El caso es que no es la primera vez que en el metro de París -que si bien tiene una frecuencia mayor que la del de Madrid, es bastante peor- anuncian que por culpa de la enfermedad de un “viajero” o su eventual atropello, el tráfico está ralentizado entre tal y cuál estación. Esta sinceridad de un metro que se inauguró hace 112 años me abruma. Sucesos como éste pasan al menos una vez a la semana diría yo. Es parte de la vida de la ciudad y, al parecer, nadie pone caras de sorpresa ante tales anuncios. Es más, la experiencia del turista en la capital francesa no estaría completa si no sube a la Torre Eiffel, y atropellara a un viajero con el metro mientras adereza el momento con una crepe de nutella.C'est la vie!!
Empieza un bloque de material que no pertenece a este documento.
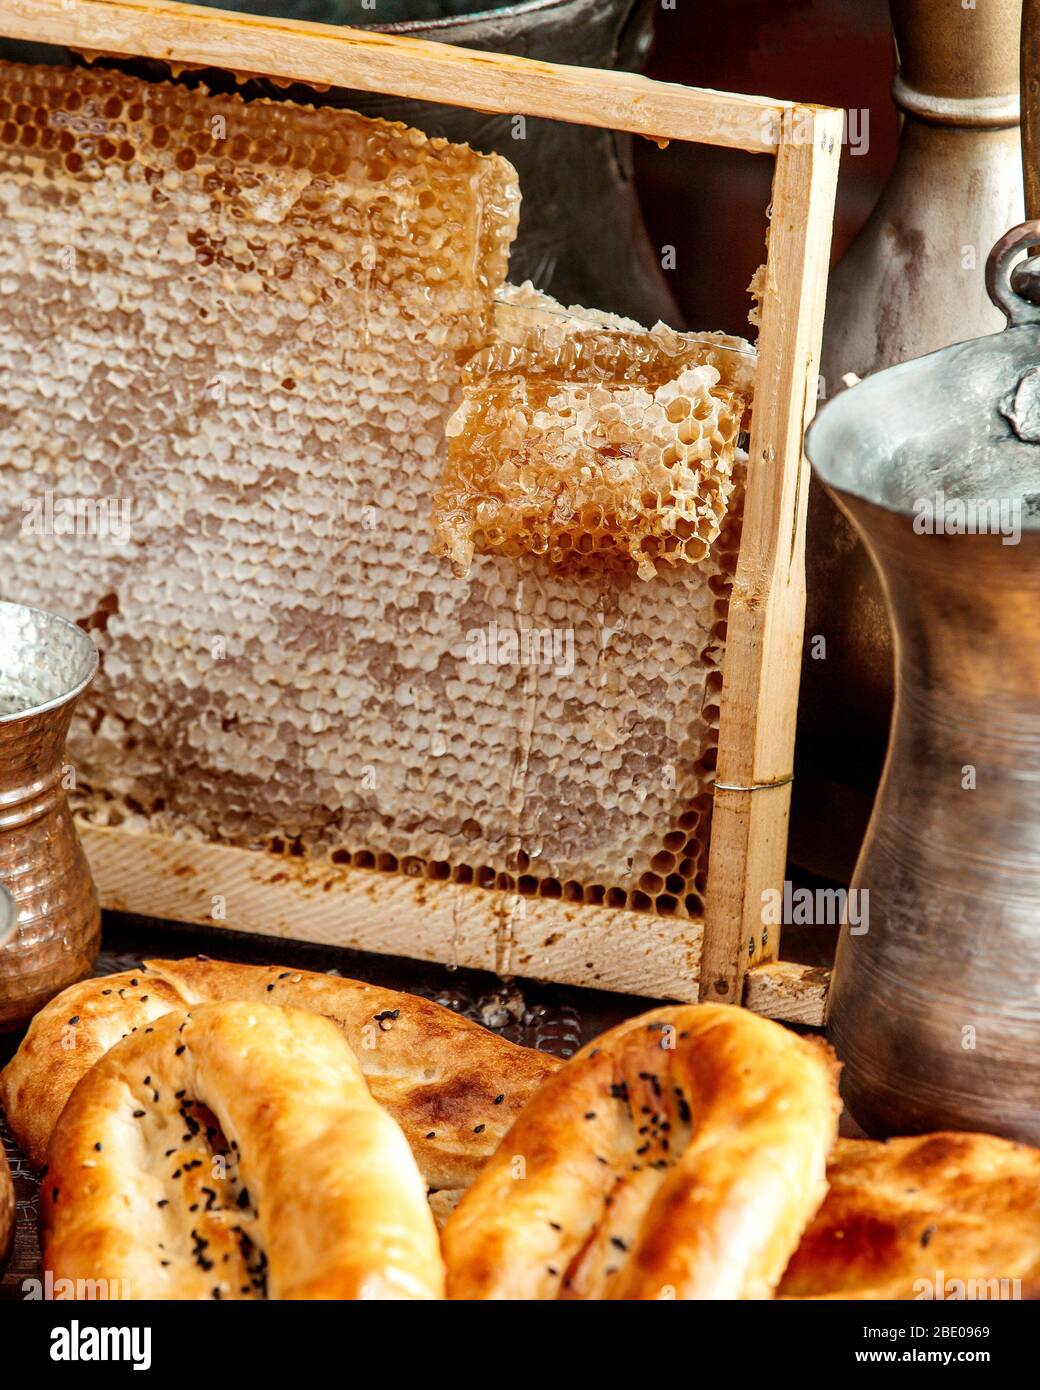 sabots de miel avec pains Banque D'Images

En este metro, aparte de atropellar a alguien, también me echaron por delincuente juvenil. Sí, sí… Pasó en mi primer fin de semana en la ciudad hace cuatro meses ya. Había decidido ir a visitar el Museo de la Marina, situado en la plaza de Trocadero –merece mucho la pena, por cierto- y mi pobre francés hizo que comprara un billete de metro para niños en vez del que me correspondía a mí. Ingenuamente me iba riendo por dentro de lo barato que era en comparación con el de Madrid y pensaba que tenía que traer de paseo por este metropolitano a la señora Aguirre (y dejarla de "viajera" sobre la vía quizá) para que comparara precios -y ya puestos, salarios mínimos. Iba yo con estos pensamientos cuando, a lo lejos del vagón ví una banda de siete revisores uniformados pidiendo billetes. No uno, ni dos, ¡siete! El caso es que, con tranquilidad mostré mi billete y la revisora, gorda e inmensa, me increpó algo que entendí perfectamente pero decidí jugar al extranjero despistado pues me decía que algo no estaba bien. Además, llevaba el atuendo adecuado: cámara voluminosa colgada, plano de parís en inglés, cara de rubio tonto. Todo perfecto. Pero, los revisores de París deben ir a unas academias especiales pues la tía me miró de arriba abajo y en un perfecto español que ni Cervantes la tía fue y me dijo: “Hablo español caballero. Su billete no es válido y tiene que bajarse en la siguiente estación con todos nosotros para que la gente vea que le damos una lección por infringir las normas. Eso, o bien paga cincuenta euros”. Esto me lo dijo mientras los otros seis -faltos de acción posiblemente y con pelis de Hollywood en la cabeza, comenzaron a rodearme por si intentaba escaparme ¡habían pillado a uno! Finalemente bajé con ellos en la siguiente estación y se arregló todo comprando un billete nuevo previo cambio a español de la máquina expendedora, pero me sigue llamando la atención ver a los revisores en tropas de seis o siete por las estaciones del metro de París, mientras en Madrid me los he cruzado dos o tres veces solo en toda mi vida y nunca en grupos de más de tres.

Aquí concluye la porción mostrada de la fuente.